▶ **TASK DETAILS**: The whole listing is to be restated word for word with no images.

▶ **EXERCISE DATA**:
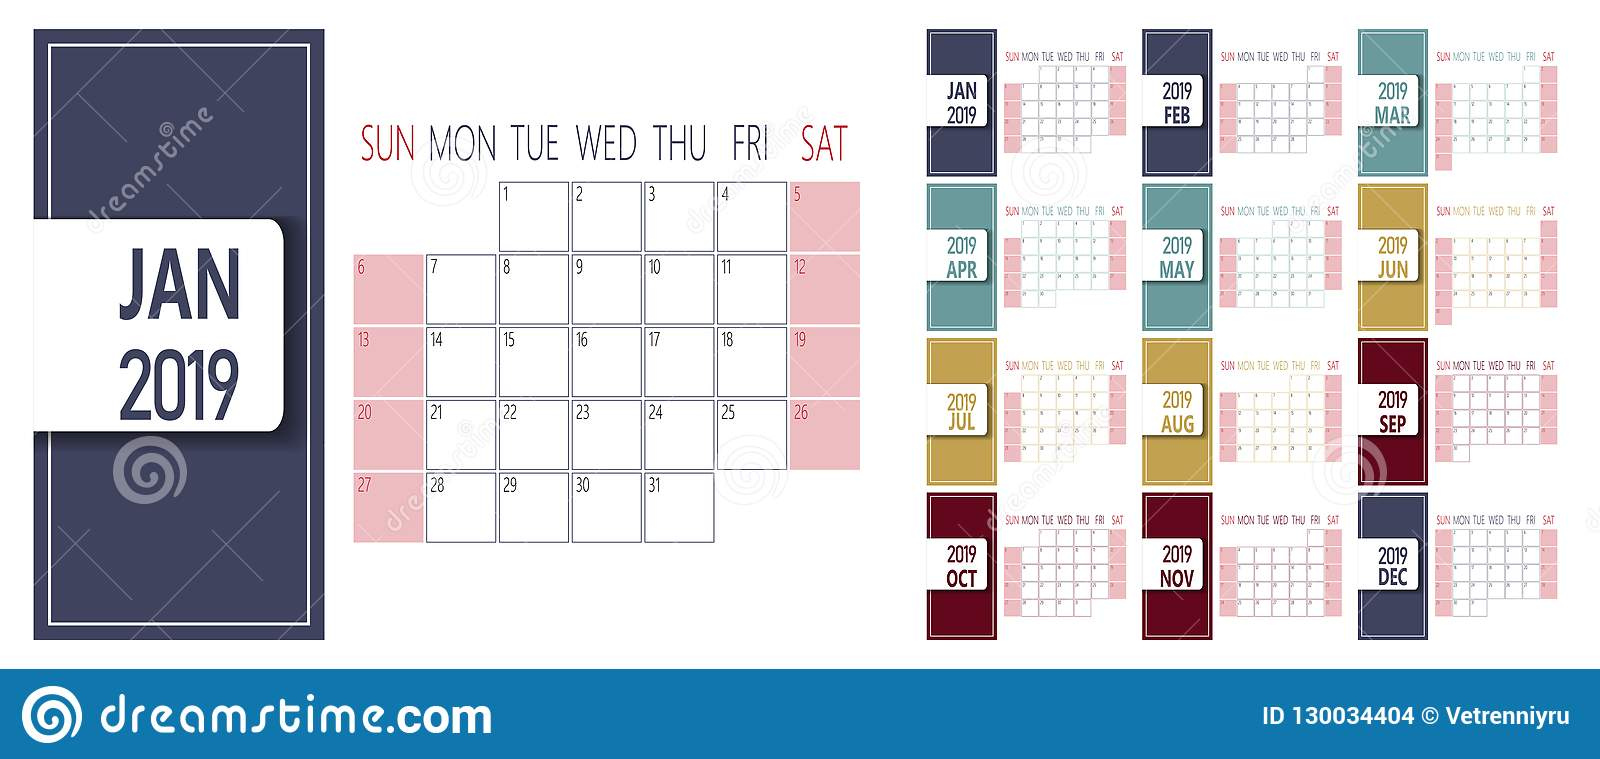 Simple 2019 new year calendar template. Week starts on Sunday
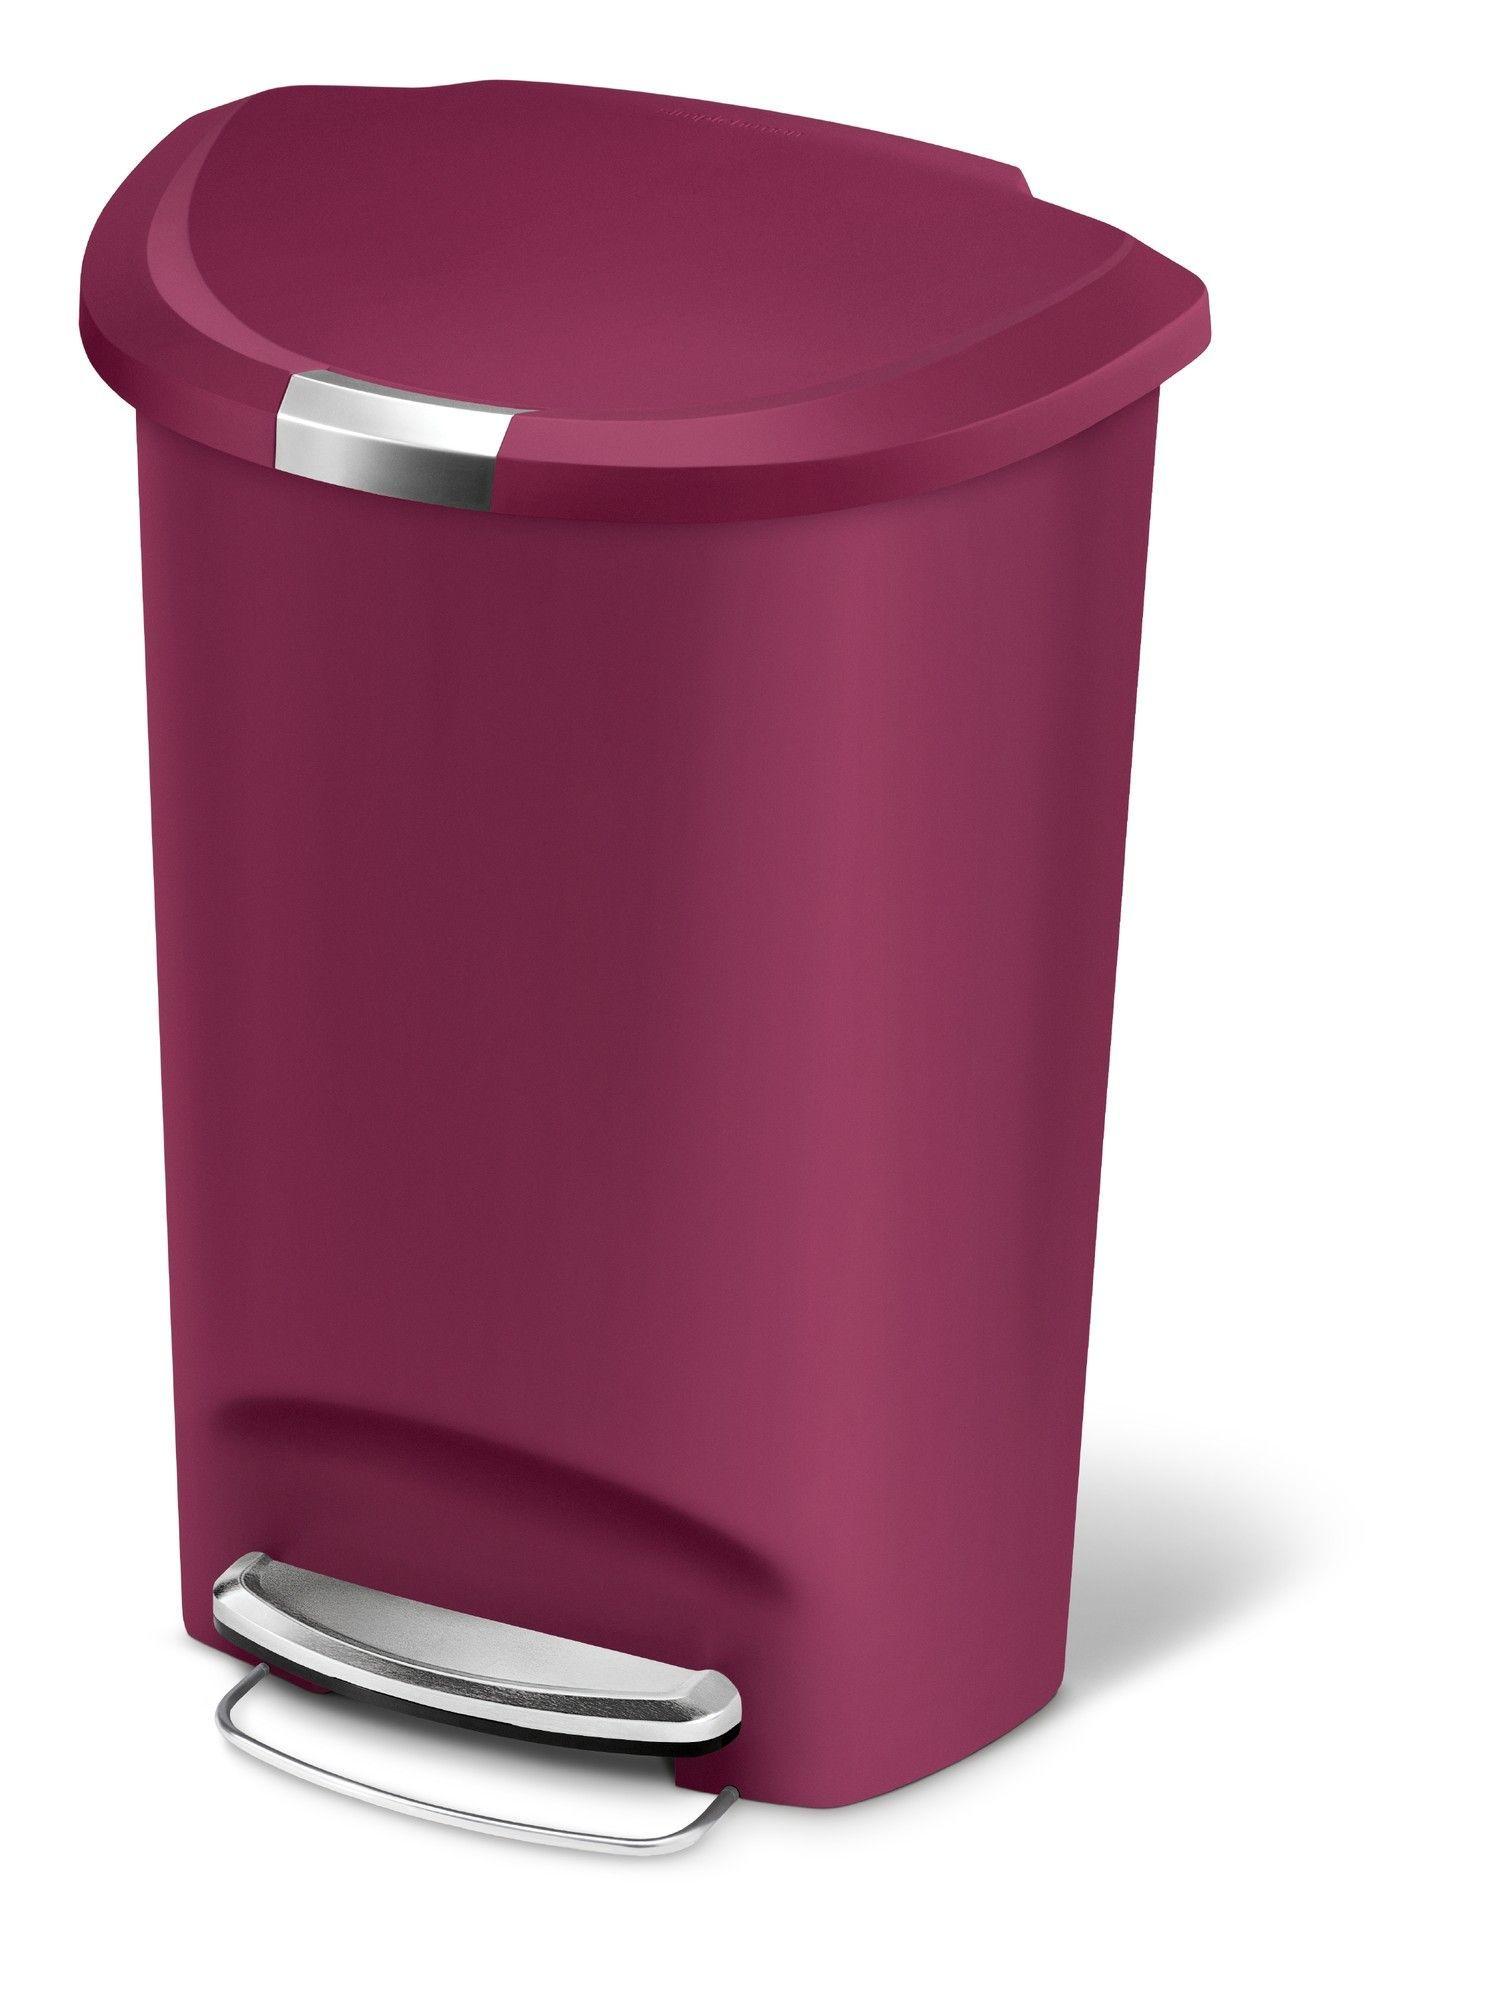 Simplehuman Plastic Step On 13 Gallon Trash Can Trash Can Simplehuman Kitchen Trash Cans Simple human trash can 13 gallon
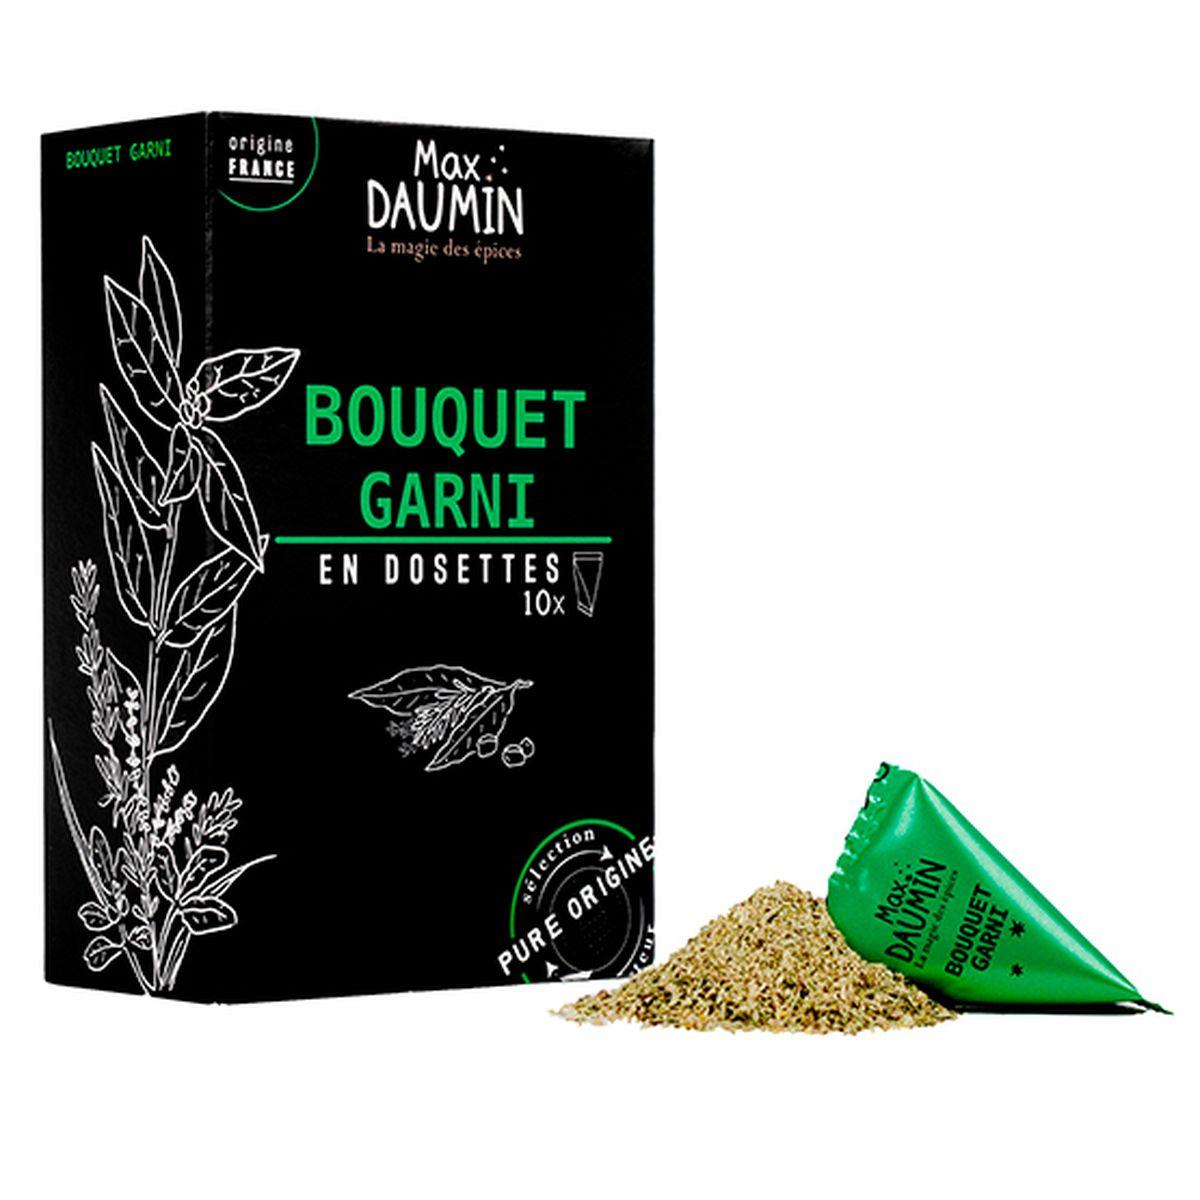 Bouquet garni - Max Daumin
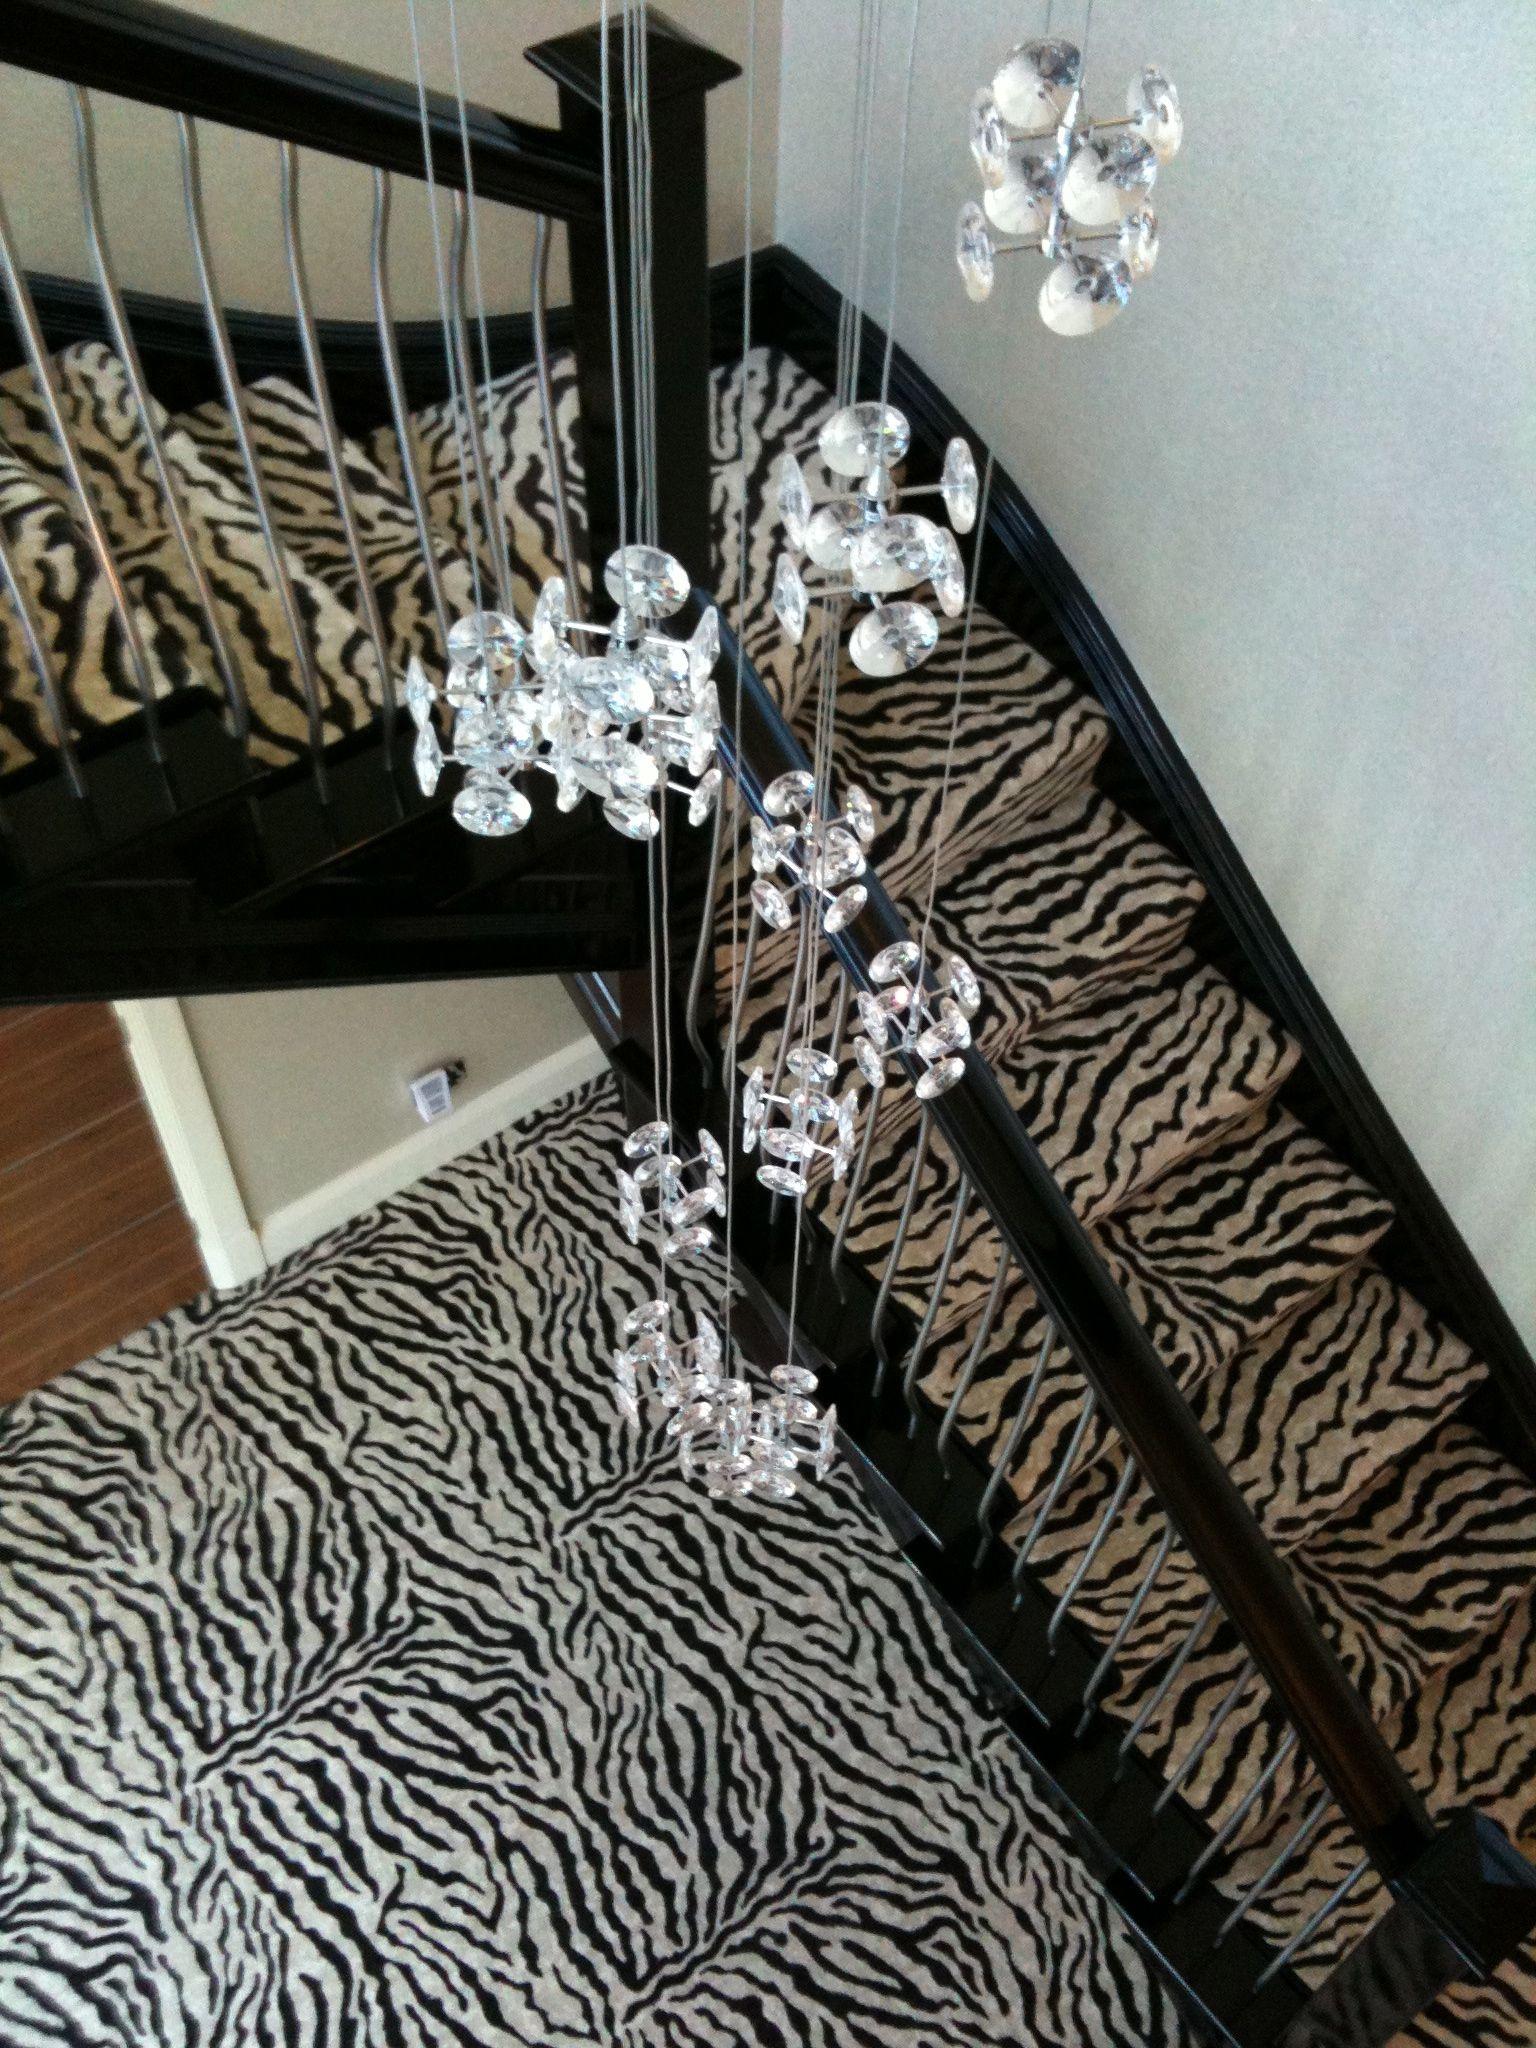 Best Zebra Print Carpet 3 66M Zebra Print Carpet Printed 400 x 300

▶ **EXERCISE RESULT**:
 Simple 2019 new year calendar template. Week starts on Sunday
 Simplehuman Plastic Step On 13 Gallon Trash Can Trash Can Simplehuman Kitchen Trash Cans Simple human trash can 13 gallon
 Bouquet garni - Max Daumin
 Best Zebra Print Carpet 3 66M Zebra Print Carpet Printed 400 x 300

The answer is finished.